The documented credential can span many HubSpot read/write and automation areas, which is high-impact authority over CRM, marketing, and reporting data.
Required Scopes ... `crm.objects.contacts.read` / `crm.objects.contacts.write` ... `crm.objects.companies.read` / `crm.objects.companies.write` ... `automation` ... `marketing-email` ... `reports`
Create a dedicated HubSpot private app token with only the scopes needed for the specific task, prefer read-only scopes for reporting, and rotate or remove the token when finished.
A mistaken or overly broad request could create, update, merge, export, or alter many HubSpot records.

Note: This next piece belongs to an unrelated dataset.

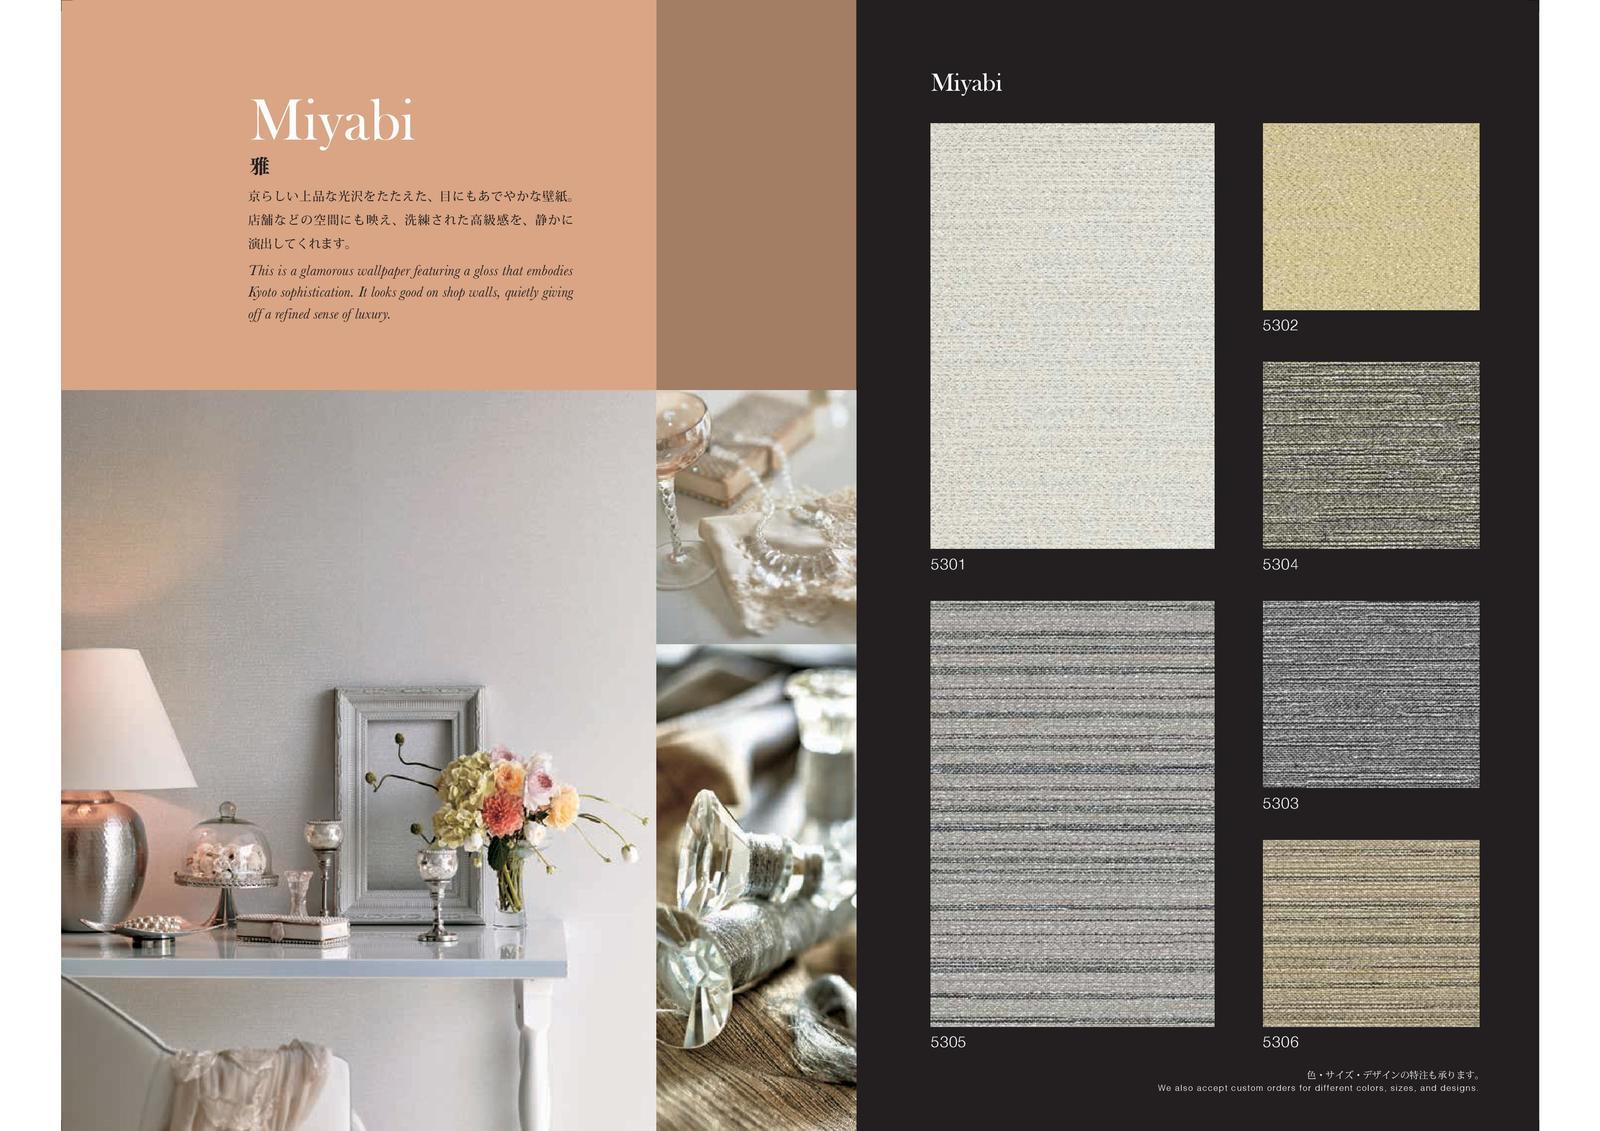 楽天市場 織物壁紙 見本帳 カタログ ミニサンプル短冊 Kyoto Izumi
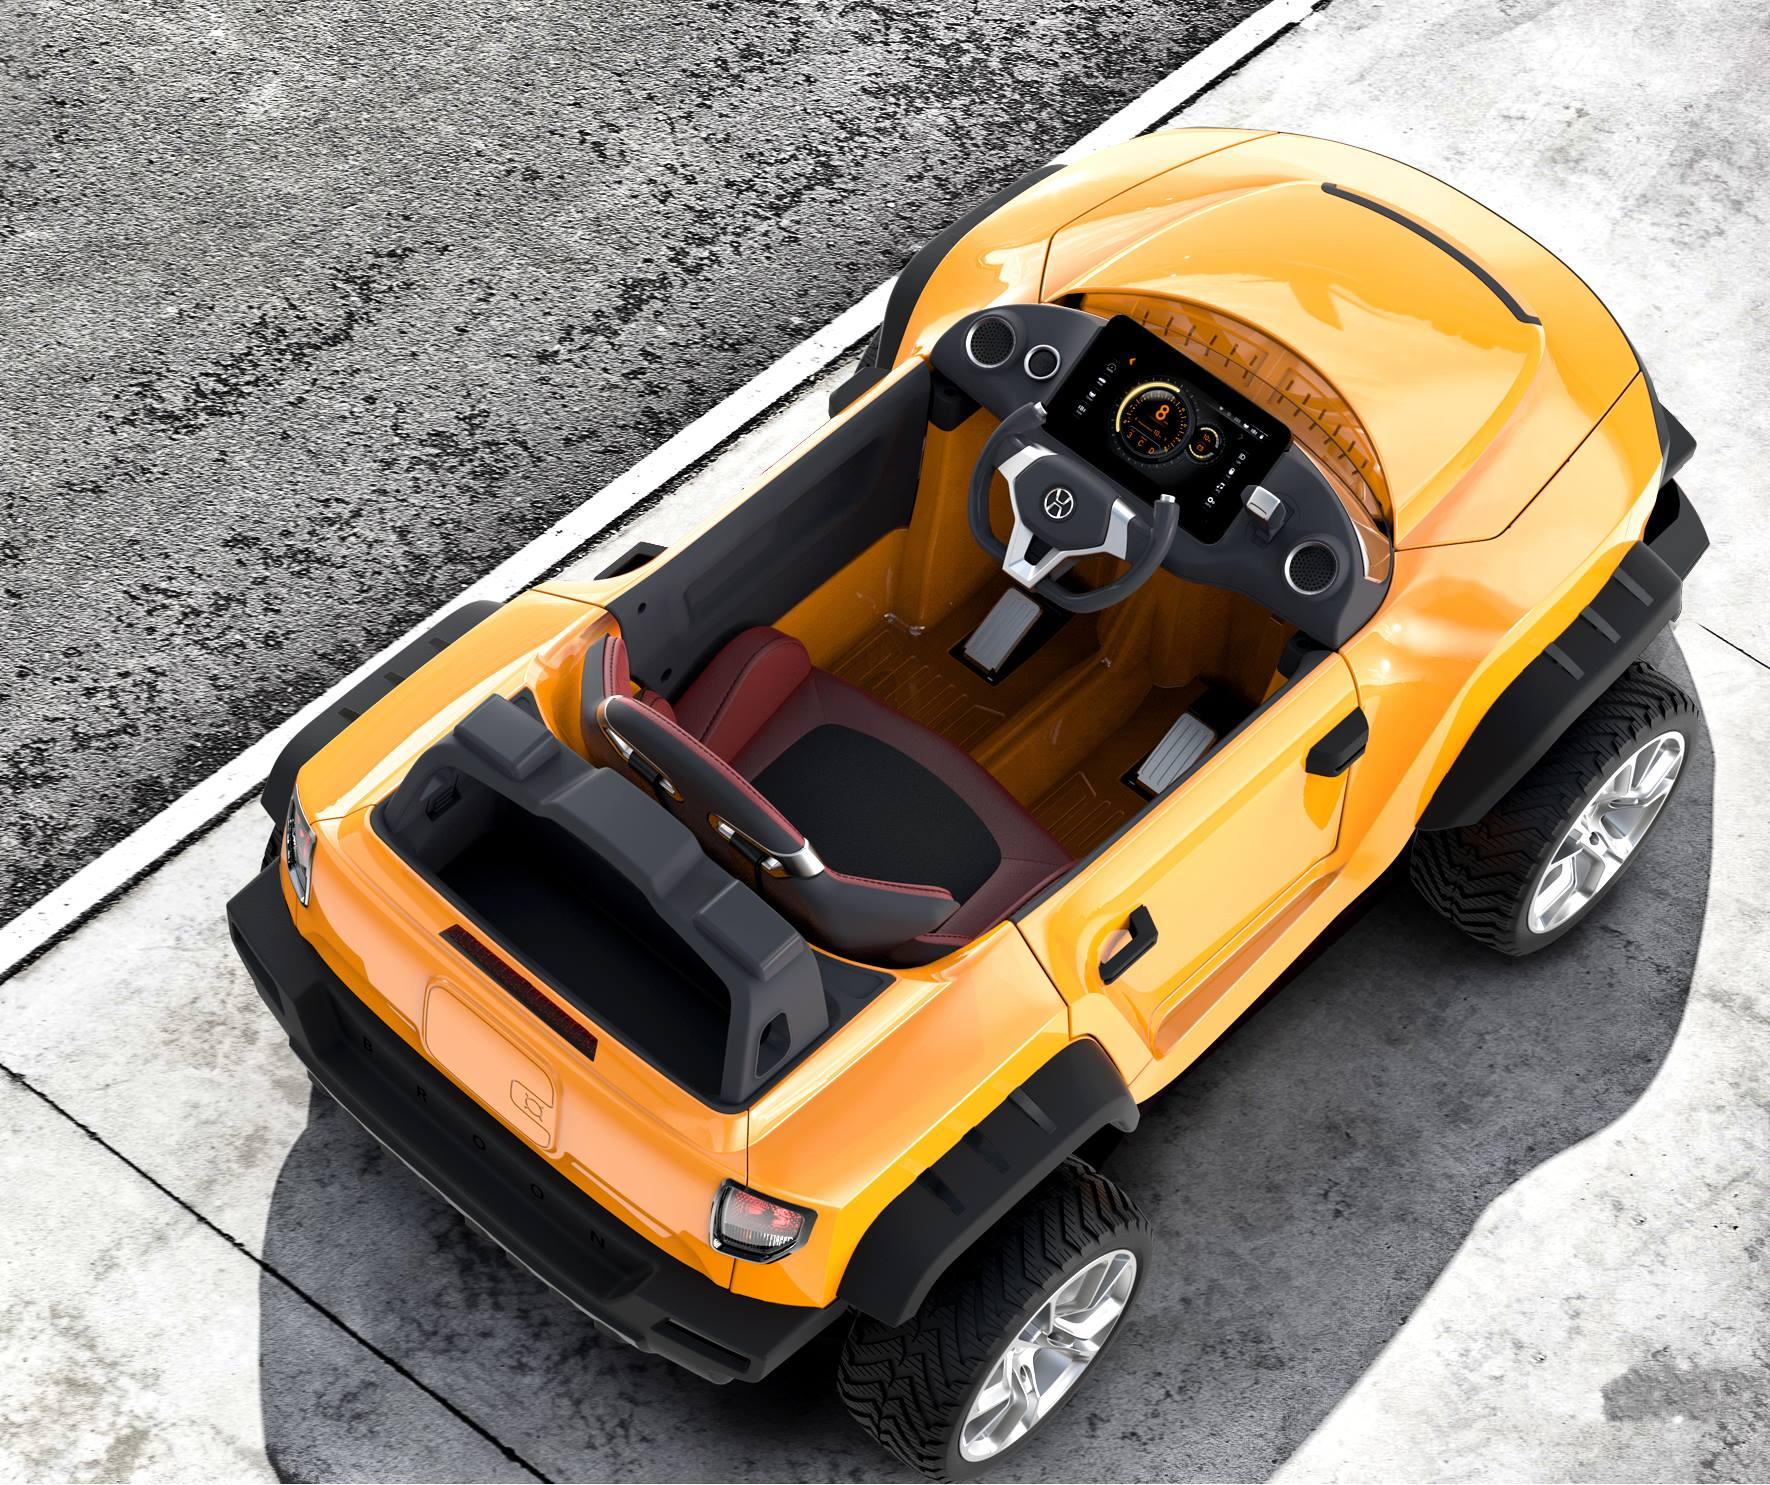 henes broon t870 orange luxus kinder elektro auto allrad. Black Bedroom Furniture Sets. Home Design Ideas

The skill exposes a raw HubSpot API helper plus bulk import/export and merge workflows, but the provided instructions do not clearly require user confirmation or scoped dry-runs before high-impact mutations.
`./scripts/hs-api.sh POST /crm/v3/objects/companies ...` and `./scripts/bulk-import.sh [object-type] [csv-file] ... ./scripts/merge-records.sh [object-type] [primary-id] [duplicate-id]`
Use this skill only for specific, reviewed HubSpot tasks; require explicit approval before imports, merges, deletes, workflow changes, or bulk updates.
Running the scripts can make HubSpot API calls using the provided token and may read or write local CSV/report files.
The skill directs users to execute local shell scripts. This is expected for the helper workflow, but it is still local code execution.
All scripts are in `scripts/` directory. Make executable first: `chmod +x scripts/*.sh`
Inspect the scripts and run them from a trusted directory with a least-privilege HubSpot token.